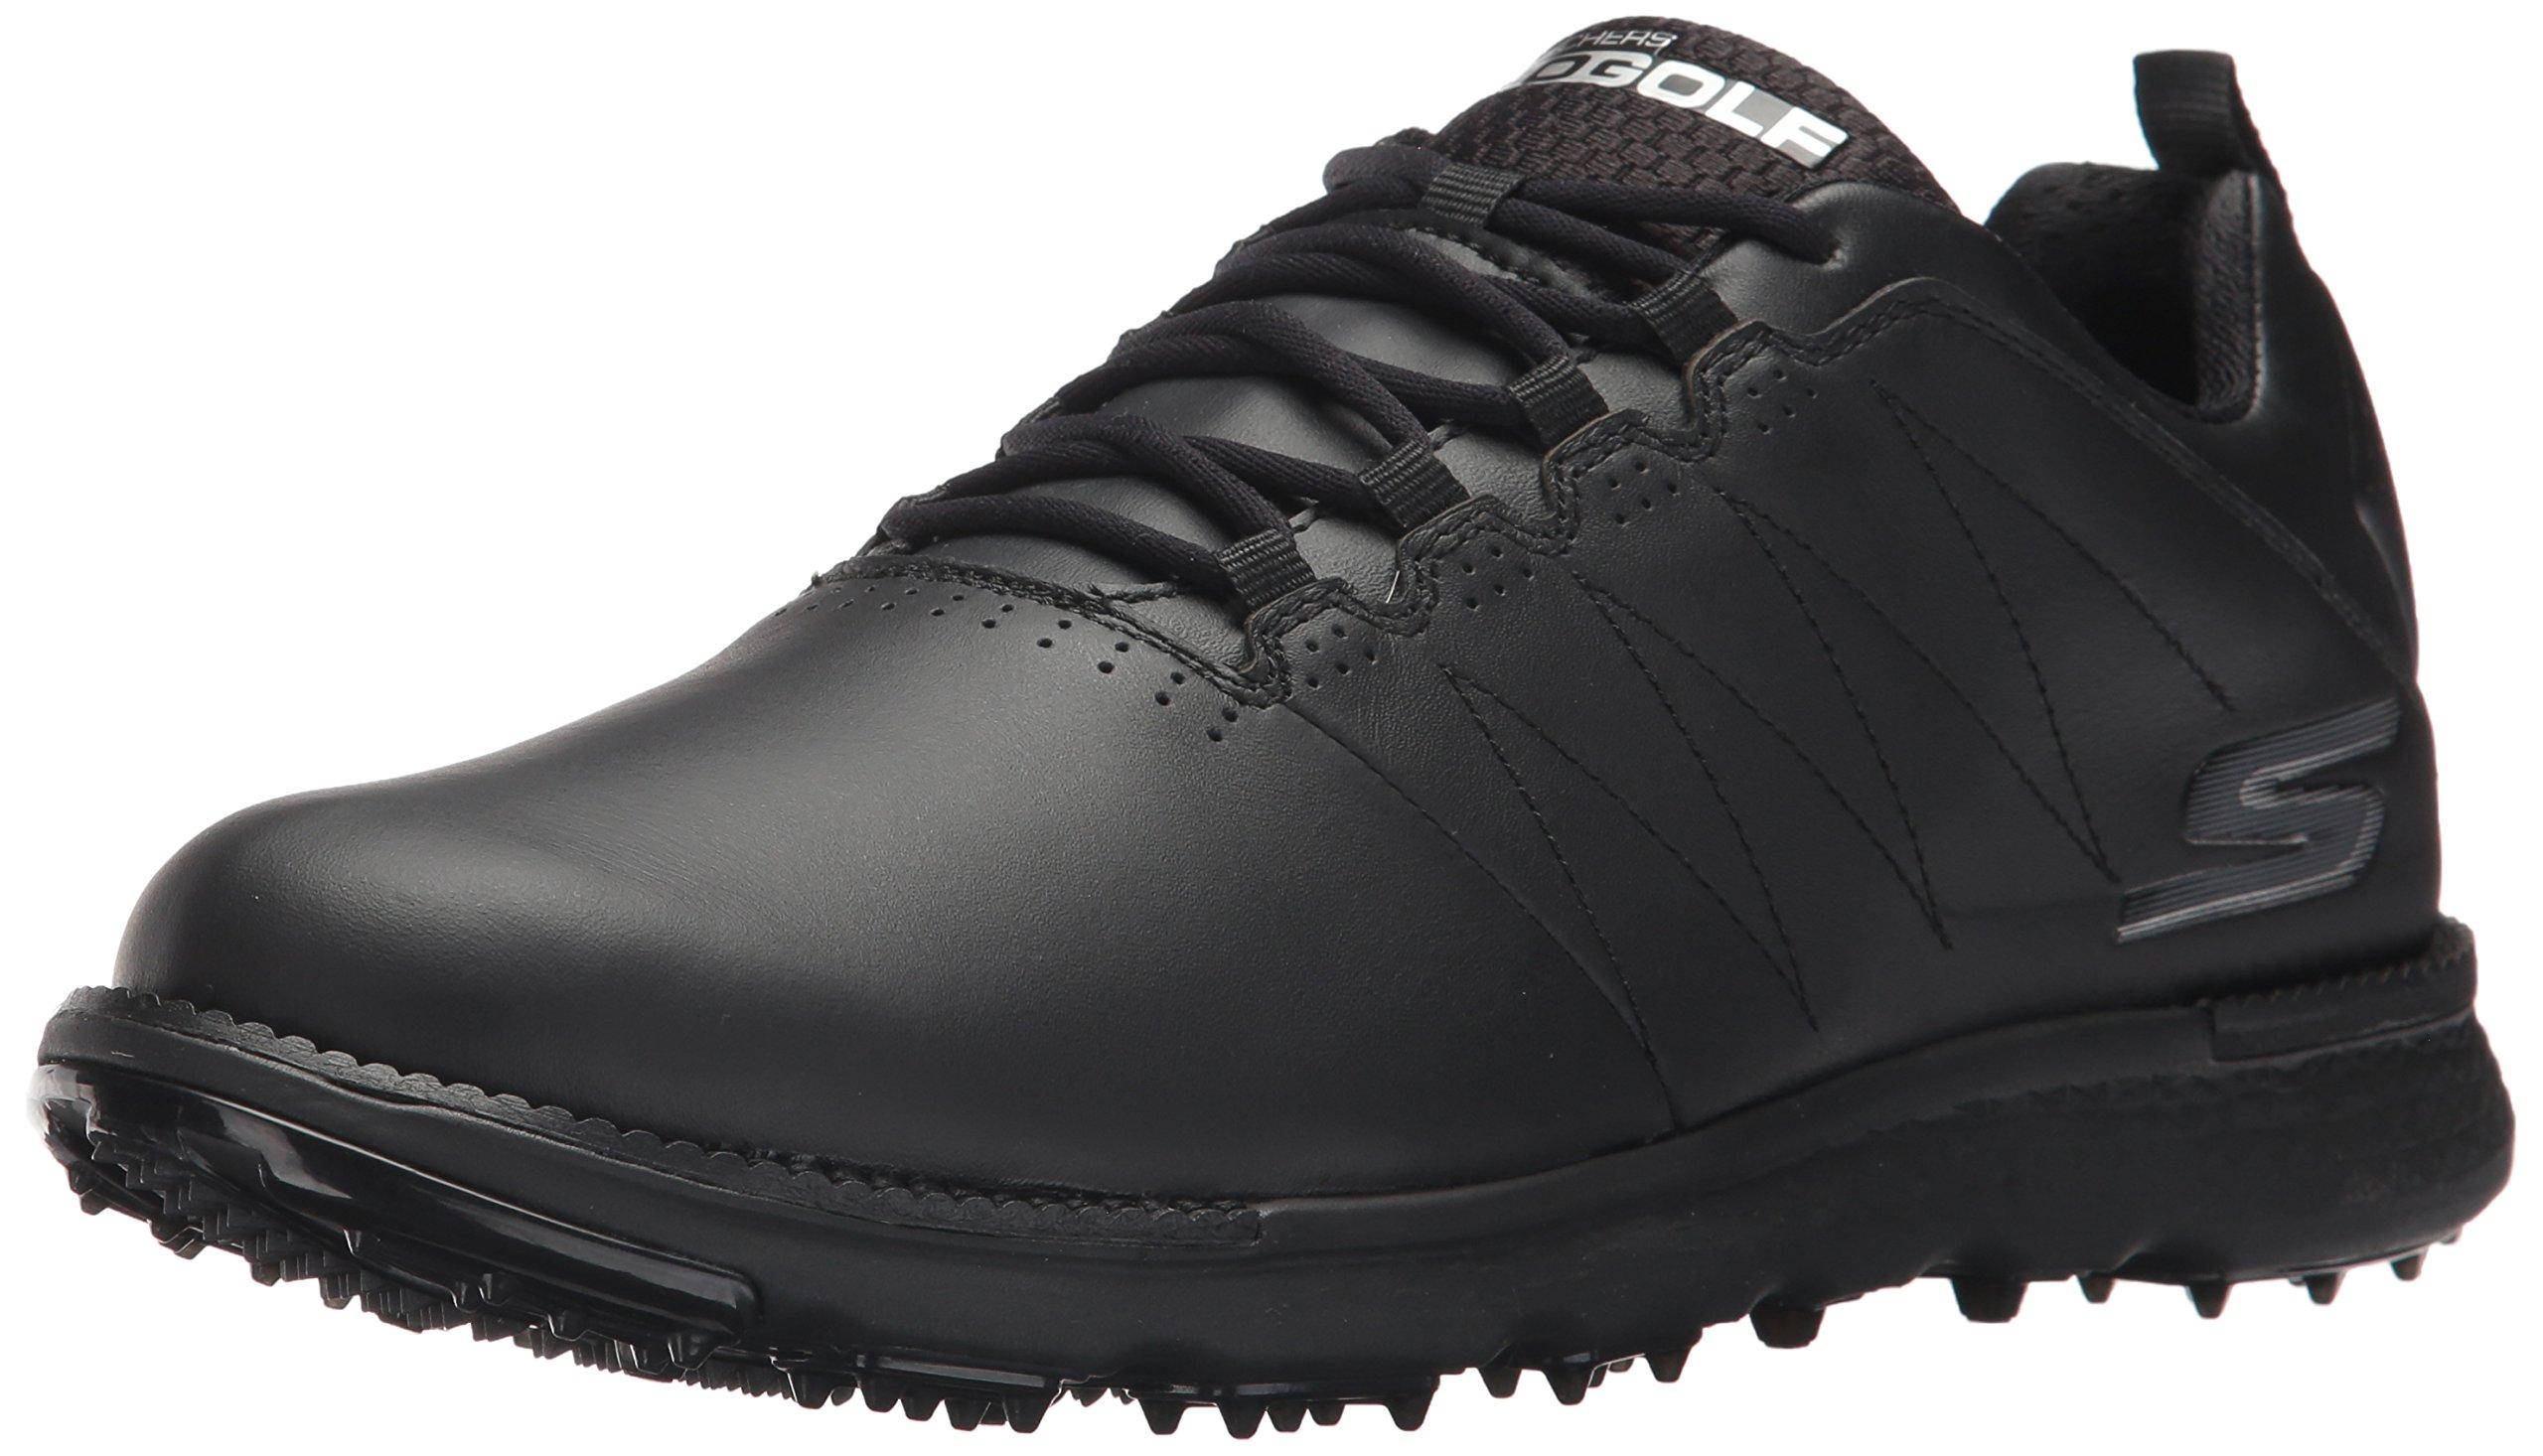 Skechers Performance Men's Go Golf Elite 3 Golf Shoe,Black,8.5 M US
——————
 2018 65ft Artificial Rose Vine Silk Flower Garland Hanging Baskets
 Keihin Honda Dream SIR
——————
**ABOUT THIS TASK:**
Send back exactly the lines of the listing above starting at the one with "2018 65ft Artificial" and ending at the one with "Keihin Honda Dream SIR", inclusive, and no others.

**ANSWER SPACE:**
 2018 65ft Artificial Rose Vine Silk Flower Garland Hanging Baskets
 Keihin Honda Dream SIR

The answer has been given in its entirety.